Los primeros días fueron un desastre. Apenas podía correr dos metros antes de quedarse sin aire. Se tropezaba, se quejaba, se tiraba al suelo a mirar el cielo con la esperanza de que alguien se apiadara de ella y le permitiera descansar. Pero esa compasión nunca llegaba.
En los entrenamientos obligatorios, seguía siendo la que más se quejaba. Sin embargo, algo había cambiado. Aunque su cuerpo le pedía a gritos rendirse, ya no lo hacía tan fácilmente. Aprendió a ignorar las burlas de Maximiliano, quien siempre encontraba una excusa para provocarla con comentarios sobre su torpeza.
— ¿De qué te sirve mirar el cielo, Miller? — le dijo un día mientras ella estaba tumbada en el suelo después de un entrenamiento. — No te va a llover fuerza desde ahí.
— ¿Y tú qué sabes? — respondió París, con el rostro rojo de cansancio y un toque de sarcasmo. — Tal vez estoy esperando que un meteorito me saque de este lugar.
A pesar de su actitud, los pequeños progresos comenzaron a notarse. Su resistencia aumentaba, y poco a poco, dejaba de ser la última en todo. Aunque no lo admitiera, cada paso adelante le daba una pequeña dosis de orgullo, algo que no había sentido en mucho tiempo.
Sin embargo, lo que realmente pesaba sobre París no eran los entrenamientos, sino la distancia emocional con su abuelo.
Una tarde, después de terminar sus ejercicios, decidió enfrentarlo.

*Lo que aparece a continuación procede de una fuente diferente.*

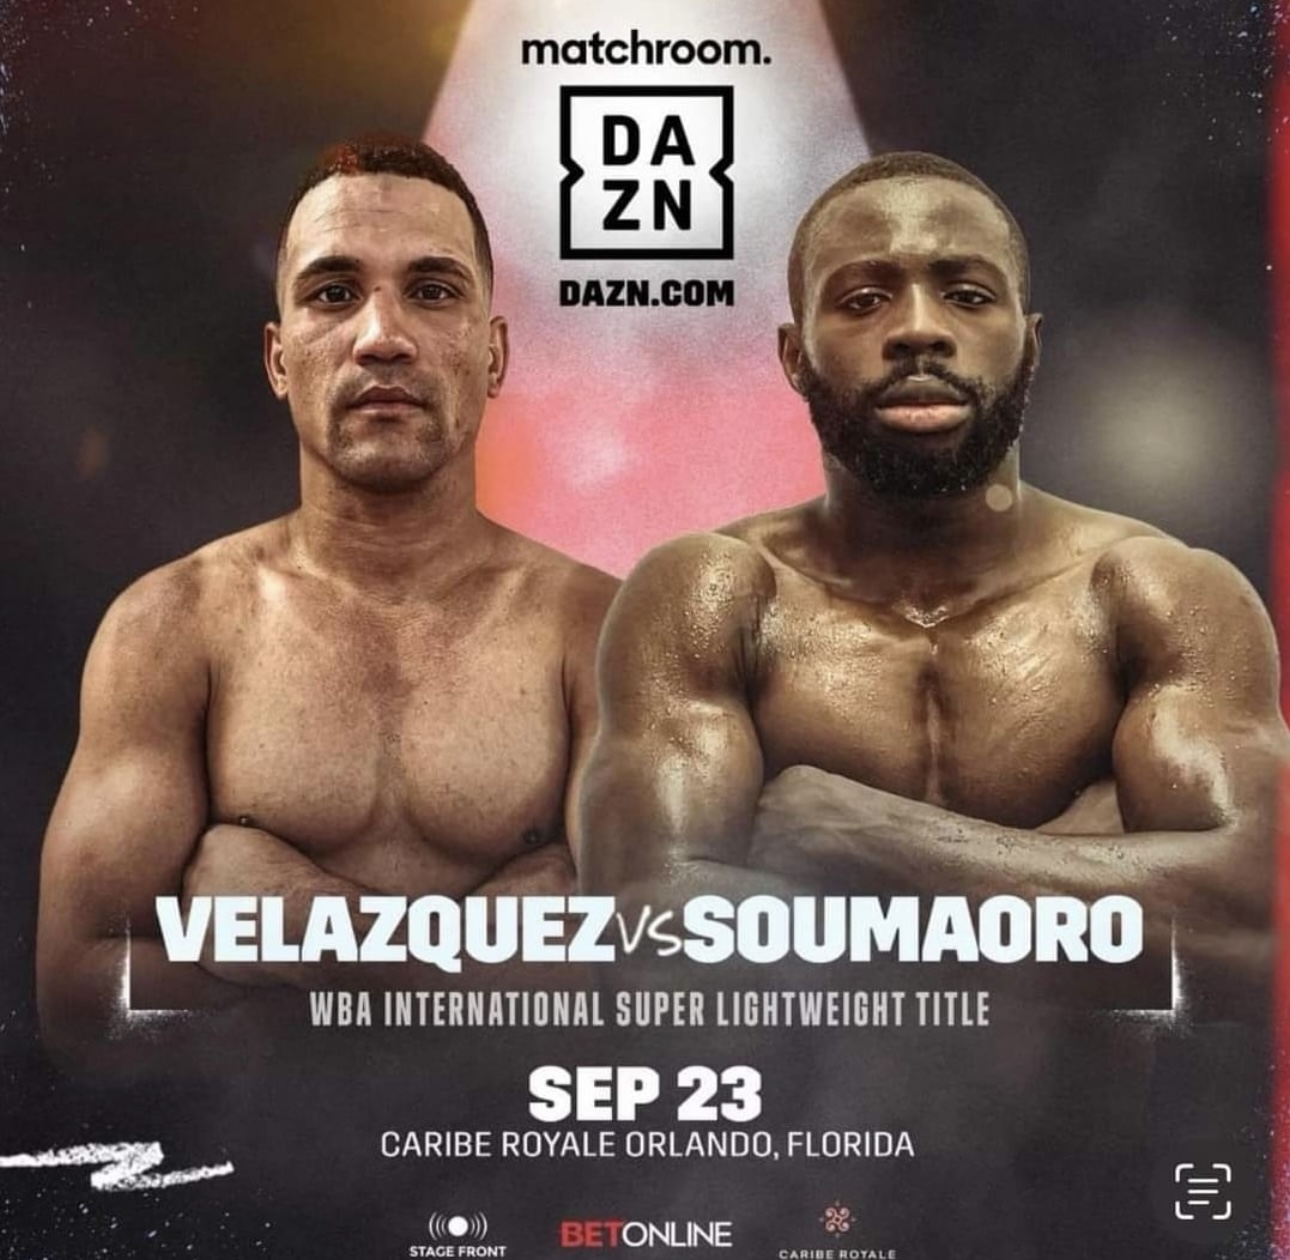 Velazquez-Soumaoro will set the fire in Orlando 
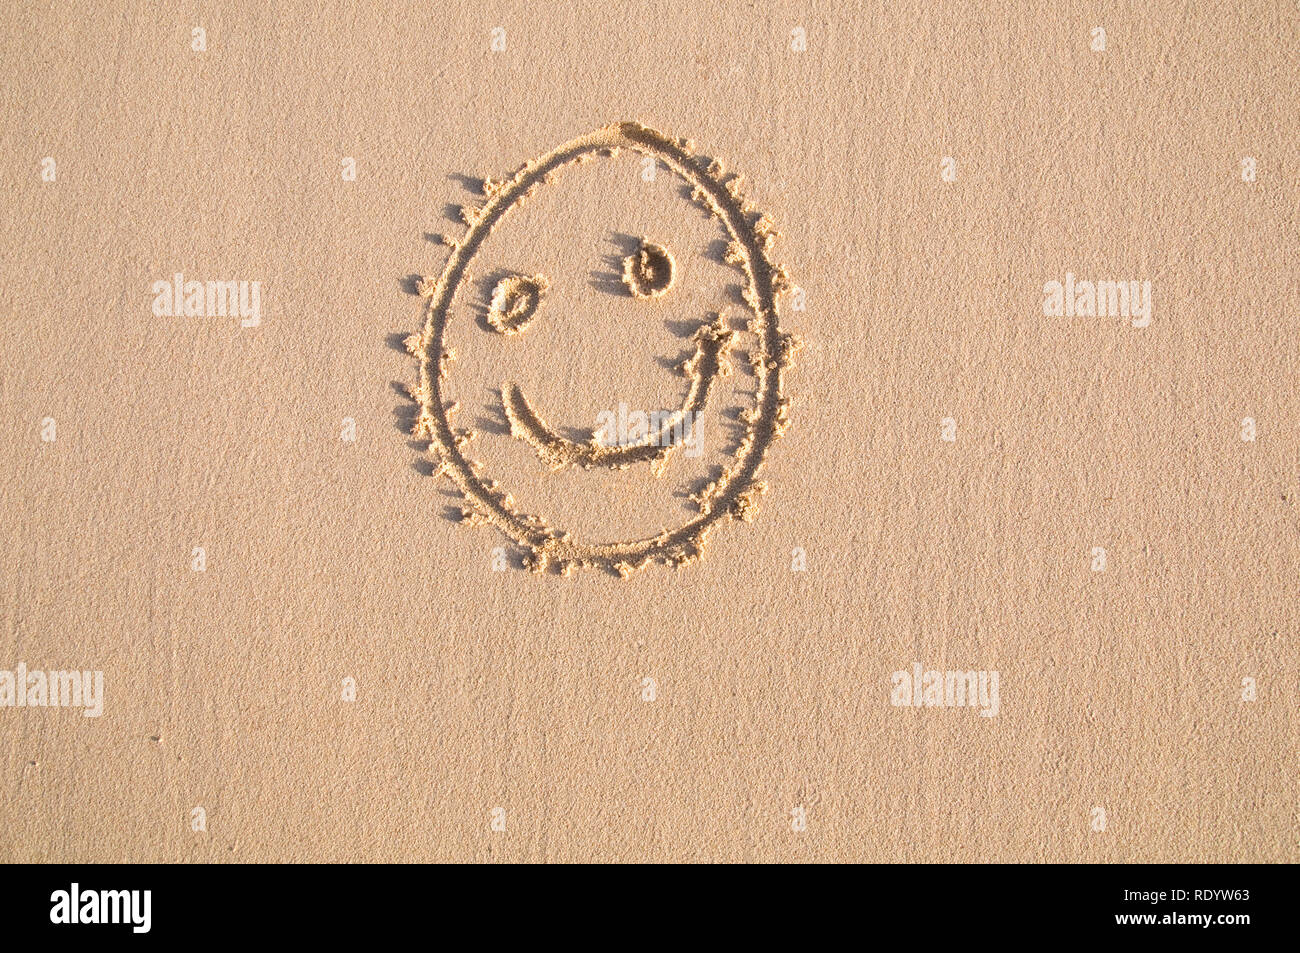 Ein Symbol oder eine Grafik glückliches Gesicht auf einer sauberen Strand Sand gezeichnet. Eine Grafik für Sommer Urlaub oder Freizeit. Stockfoto

Entró en su despacho con la mirada decidida pero los ojos llenos de lágrimas contenidas.
— Abuelo, por favor — comenzó, con la voz quebrada. — No quiero estar aquí. Esto no es para mí.
Su abuelo, sentado detrás de su escritorio, no levantó la mirada de los papeles que tenía frente a él.
— París, ya hemos hablado de esto.
— ¡No hemos hablado de nada! — gritó ella, desesperada. — Yo te estoy suplicando. Por favor, no permitas que me obliguen. Eres mi abuelo, ¡se supone que deberías ayudarme!
Su voz se rompió al final, y las lágrimas comenzaron a caer sin control. París estaba de pie, temblando, completamente destrozada.
Por un momento, parecía que su abuelo iba a decir algo. Pero simplemente tomó otro documento de su escritorio y continuó revisándolo, como si ella no estuviera ahí.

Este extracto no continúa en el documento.